(Supplied information)

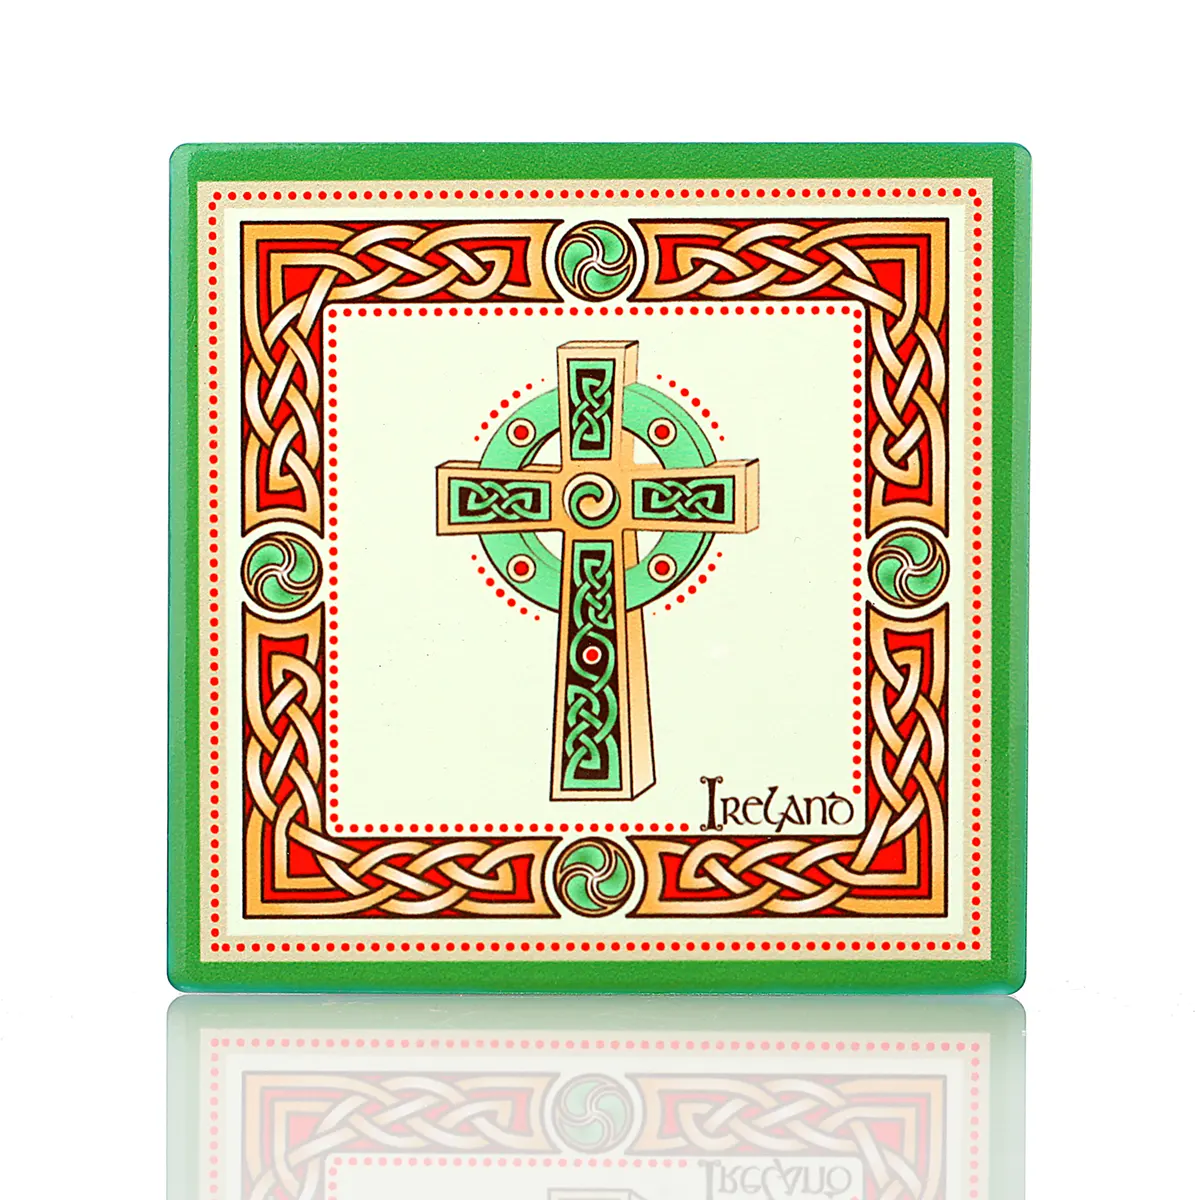 Celtic Cross Coaster - Irischer Keramik-Getränkeuntersetzer mit keltischem Kreuz
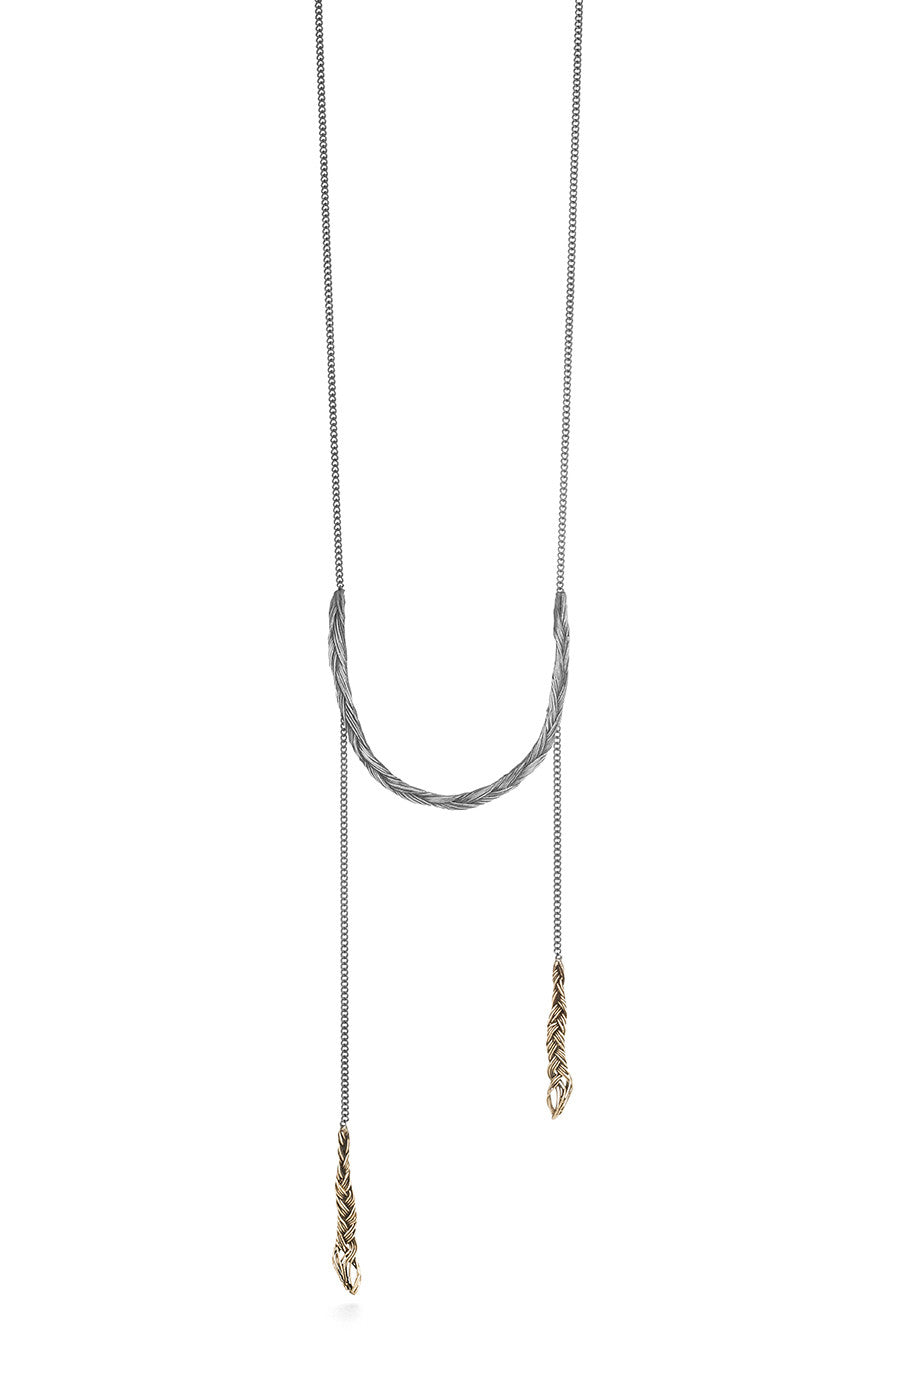 Braid Necklace - U-shaped silver braid on long chain
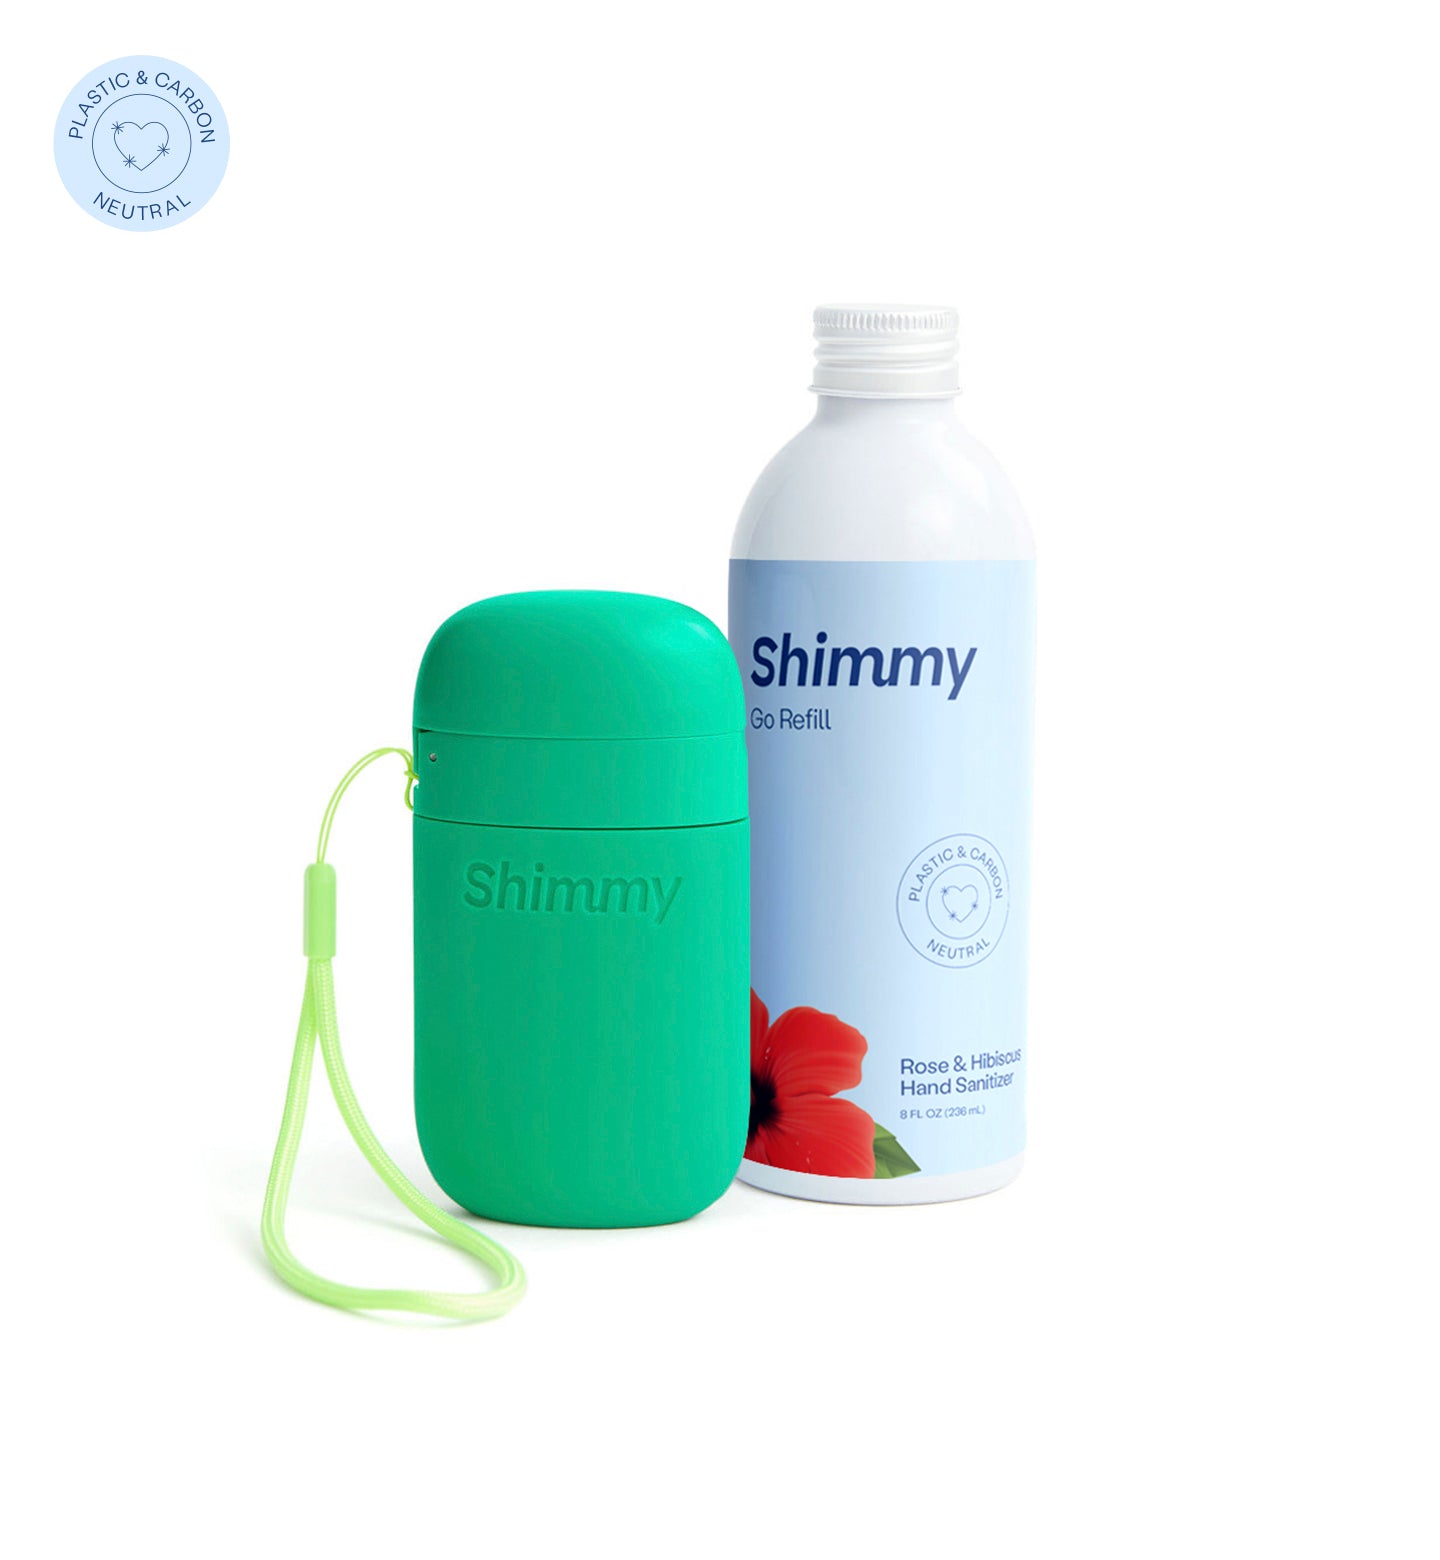 Shimmy Go Portable Hand Sanitizer Dispenser Kelly Green + Rose  & Hibiscus Hand Sanitizer [40734812405951] - 40734812405951
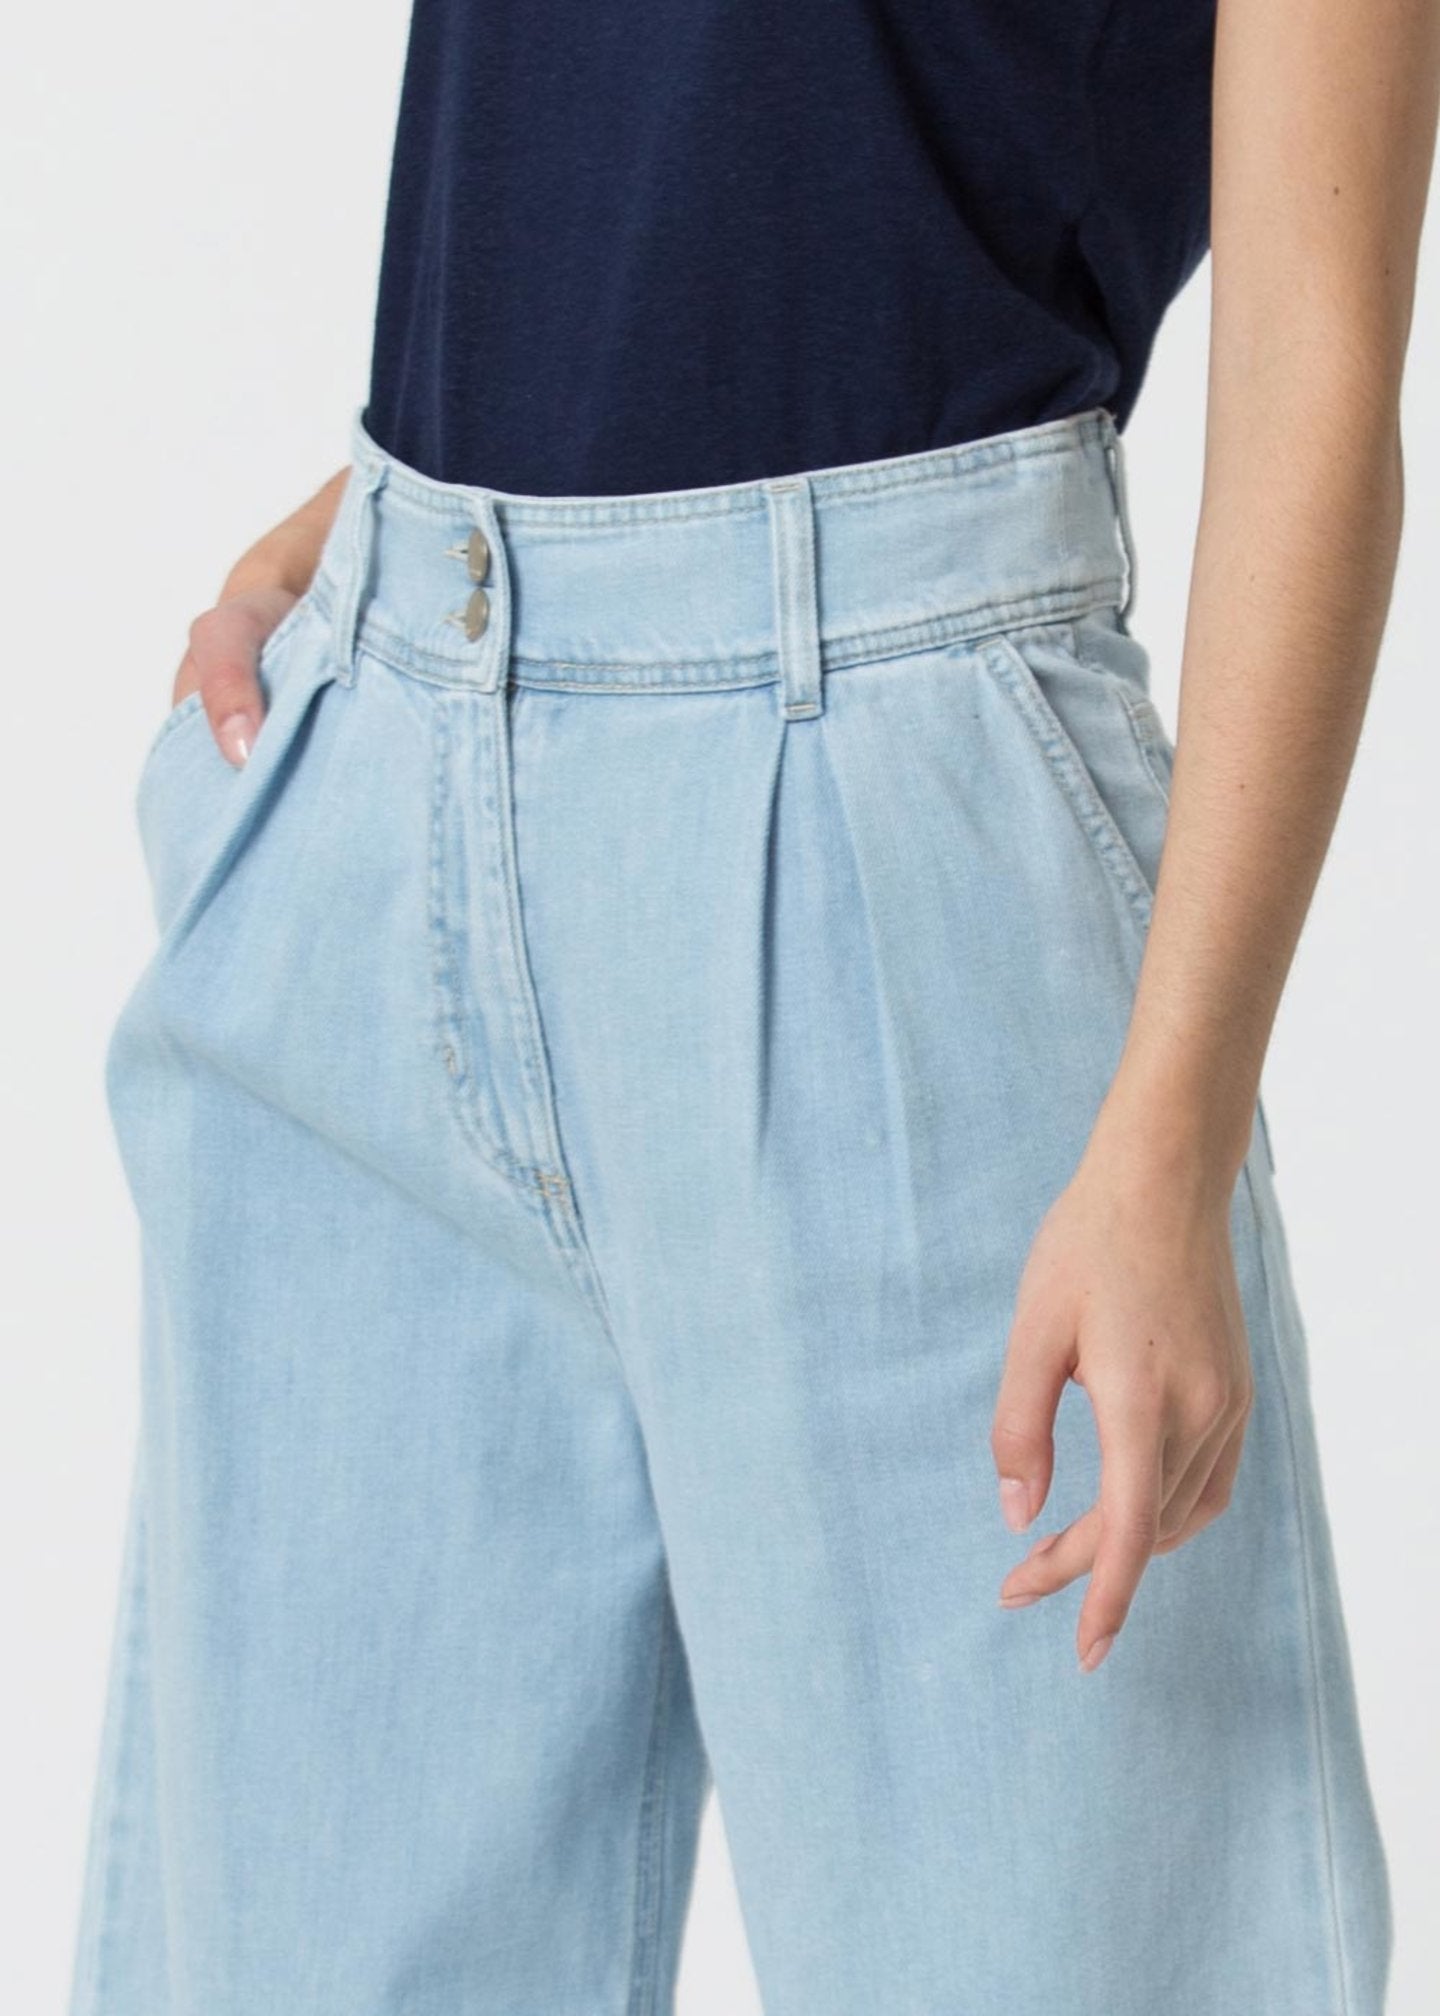 Jeans Kocca Corto / Jeans - Ideal Moda

(End Supplied information)

* **Task brief**:
Transcribe the data verbatim. No picture belongs in the result.

* **The completed task**:
 Celtic Cross Coaster - Irischer Keramik-Getränkeuntersetzer mit keltischem Kreuz
 Braid Necklace - U-shaped silver braid on long chain
 Shimmy Go Portable Hand Sanitizer Dispenser Kelly Green + Rose  & Hibiscus Hand Sanitizer [40734812405951] - 40734812405951
 Jeans Kocca Corto / Jeans - Ideal Moda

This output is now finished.